I am trying to use differential forms to determine the surface area element for a sphere. For a sphere of radius $r=1$. I think I am loosing something in the algebra (tried to check symbolic calculations on computer, still don't know how to proceed)

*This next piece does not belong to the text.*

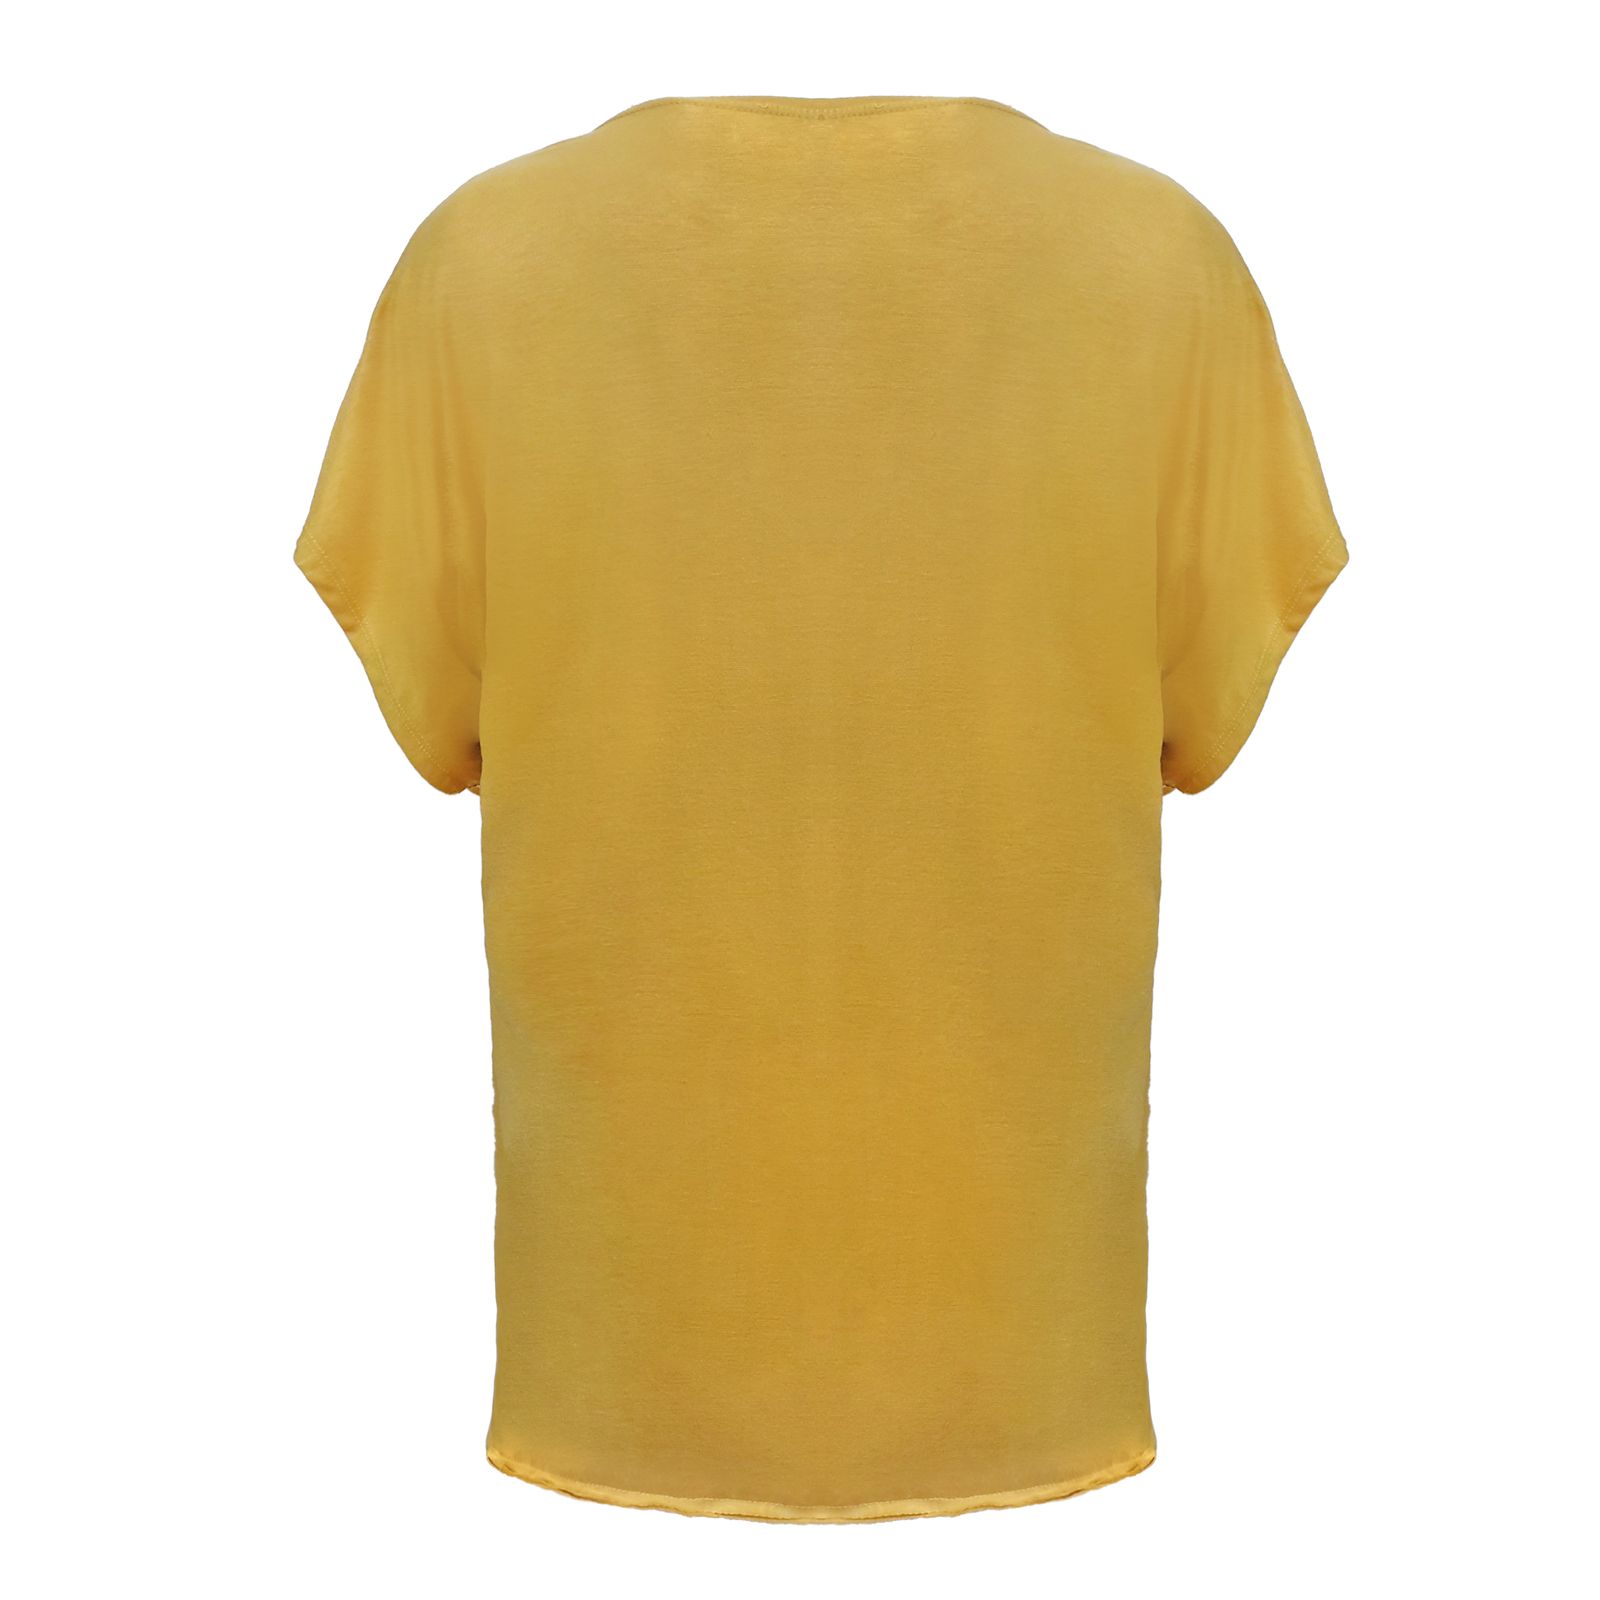 تی شرت زنانه افراتین کد 3528 رنگ خردلی -  - 3

In terms of Cartesian coordinates the surface of the sphere is: $x^2+y^2+z^2=1$. The spherical coordinates relate to Cartesian coordinates in the standard way:
$$ \begin{align} x=&\sin\theta\cos\phi \\ y=&\sin\theta\sin\phi \\ z=&\cos\theta \\ \end{align} $$
The area element in Cartesian coordinates is: $$ d^2S = dx \wedge dy - dx \wedge dz + dy \wedge dz $$
Computing the equivalents in spherical coordinates (not quite equivalent since radius is fixed):
$$ \begin{align} dx=& \cos\theta\cos\phi\,d\theta - \sin\theta\sin\phi\,d\phi \\ dy=& \cos\theta\sin\phi\,d\theta + \sin\theta\cos\phi\,d\phi \\ dz=& -\sin\theta\,d\theta \\ \end{align} $$
Therefore:
$$ \begin{align} d^2 S =\quad&\left(\cos\theta\sin\theta\cos^2\phi+\cos\theta\sin\theta\sin^2\phi\right)d\theta\wedge d\phi-\\ -&\left(-\sin^2\theta\sin\phi\right)d\theta\wedge d\phi+ \\ +&\left(\sin^2\theta\cos\phi\right)d\theta\wedge d\phi \\ \\ d^2 S =&\sin\theta\cdot\left(\cos\theta + \sin\theta\cdot\left(\cos\phi+\sin\phi\right)\right)d\theta\wedge d\phi \end{align} $$
I know the correct result should be $d^2S=\sin\theta \, d\theta\wedge d\phi$, and that it certainly should not depend on $\phi$. But I can't quite see where I went wrong. I suppose I am looking at using a push-forward from $\theta\phi$ space to the surface of a 3D sphere, and then I am trying to pull-back the area element from the 3d space, but this statement will still lead to the same calculations.